Serpent Daughter – Snippet 26

“Did I plant this Ashtar?”

Nothing.

“Did this Ashtar grow here because of some deed of mine? Was this Ashtar caused to grow by some object I once owned? Did a spell of mine cause this Ashtar to grow?”

Nothing.

Luman hesitated. “Does the serpent goddess want me to do something with this Ashtar?”

Nothing.

Luman shook his head in frustration. What could it be?
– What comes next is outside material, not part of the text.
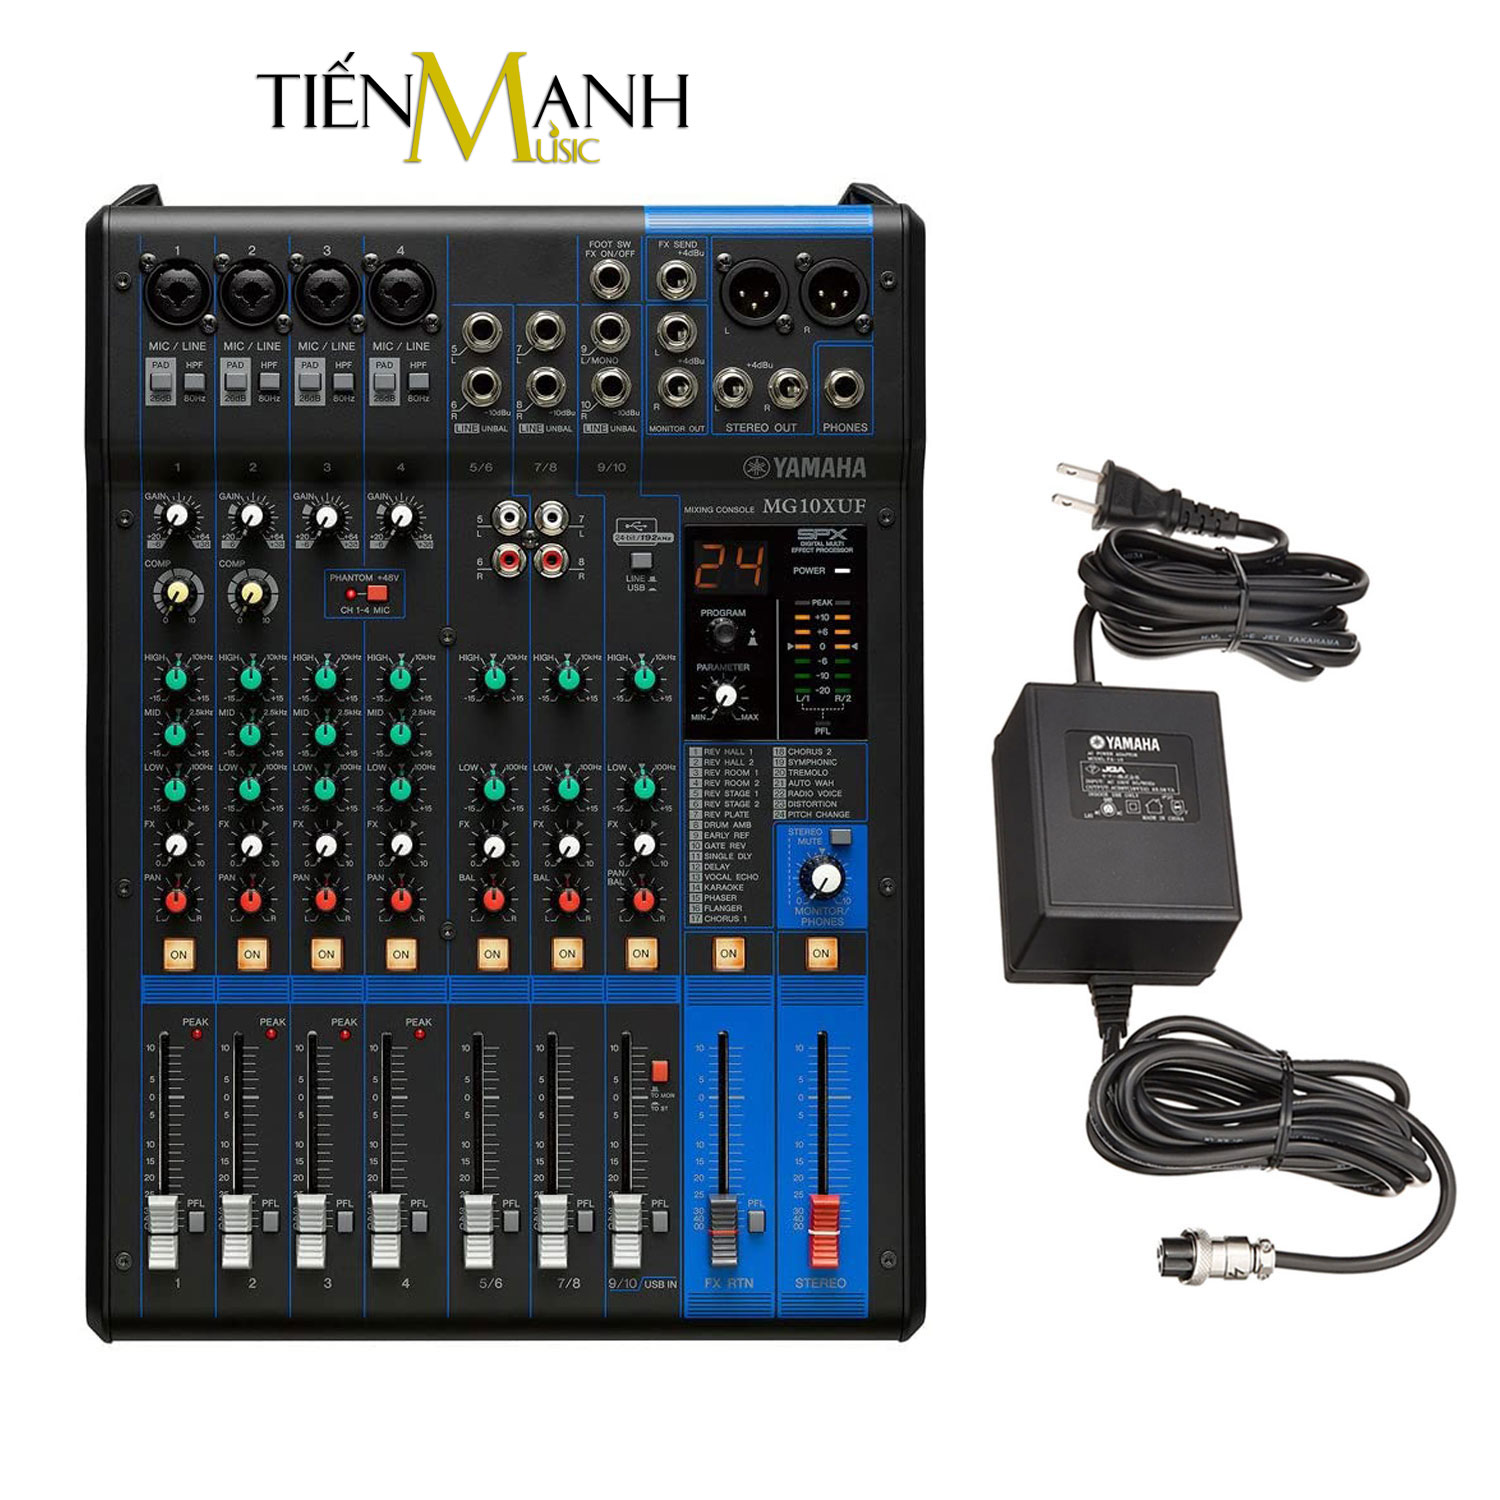 Yamaha MG10XUF Soundcard kiêm Bàn Trộn Mixer Interface Compact Stereo Mixing Console Phòng Thu Studio Mix Hàng Chính Hãng - Kèm Móng Gẩy DreamMaker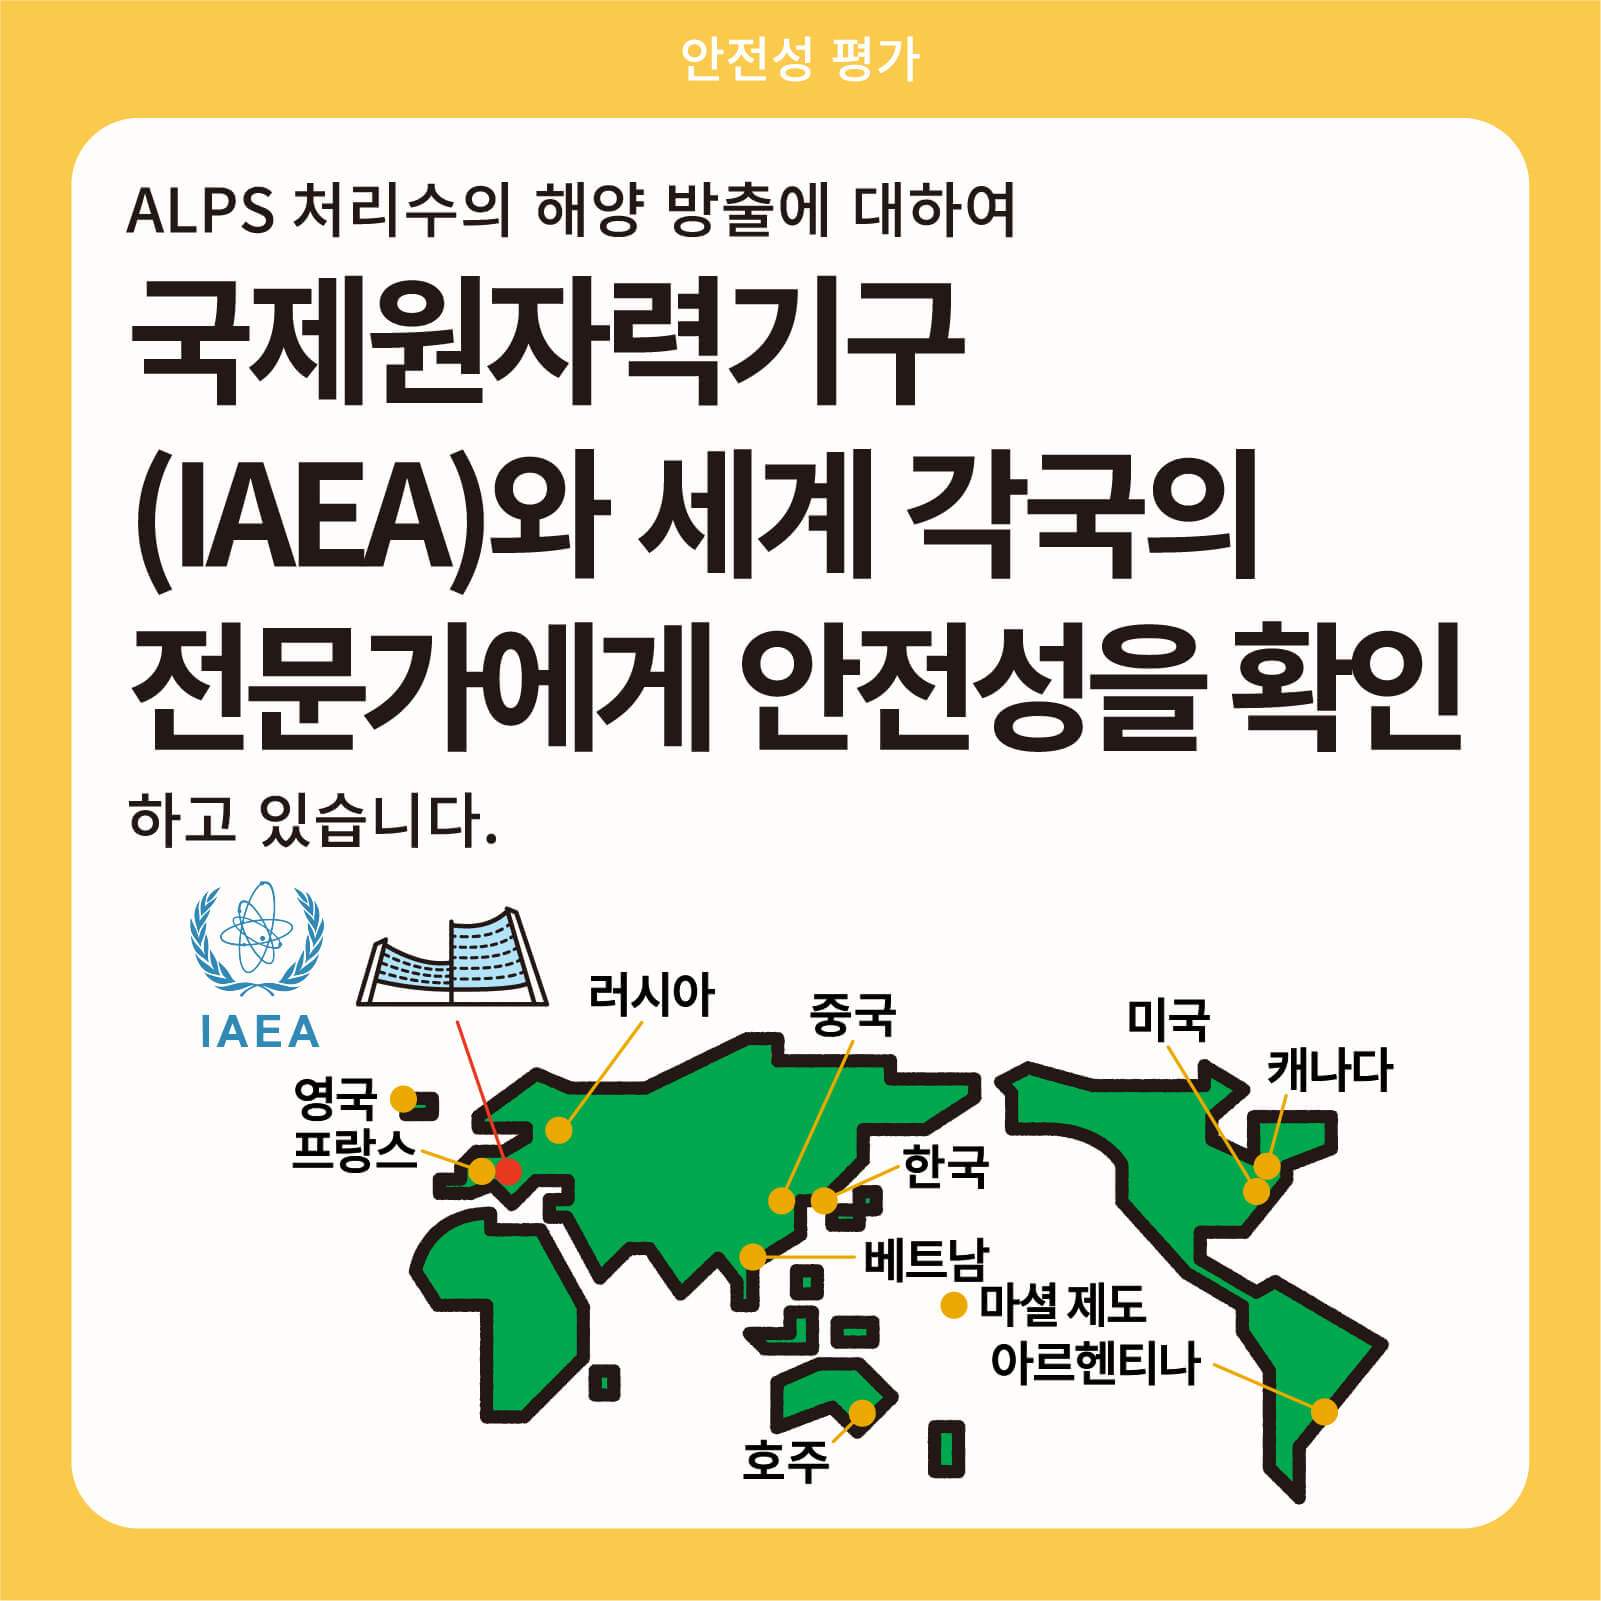 ALPS 처리수의 해양 방출에 대하여 국제원자력기구(IAEA)와 세계 각국의 전문가에게 안전성을 확인 하고 있습니다.

“Have I seen this Ashtar in some other form?”

The rod bobbed.

“Did I see its seed? Did I see its fruit? Did I see its planting?”

Nothing.

Luman looked down along the avenue, at the scattered arrangement of the Ashtares. He looked up the other way, toward the Great Mound, and saw its pale green mantle of newly sprouted trees, shrouded in the rain and in the low clouds. Running from the former location of the breach in the wall up to the mound where the Imperials had finally assaulted Sarah — and Oliver Cromwell and the Lazar Robert Hooke had broken through into the Temple of the Sun and attempted to assault its goddess — the trees reminded Luman of nothing so much as an invading army.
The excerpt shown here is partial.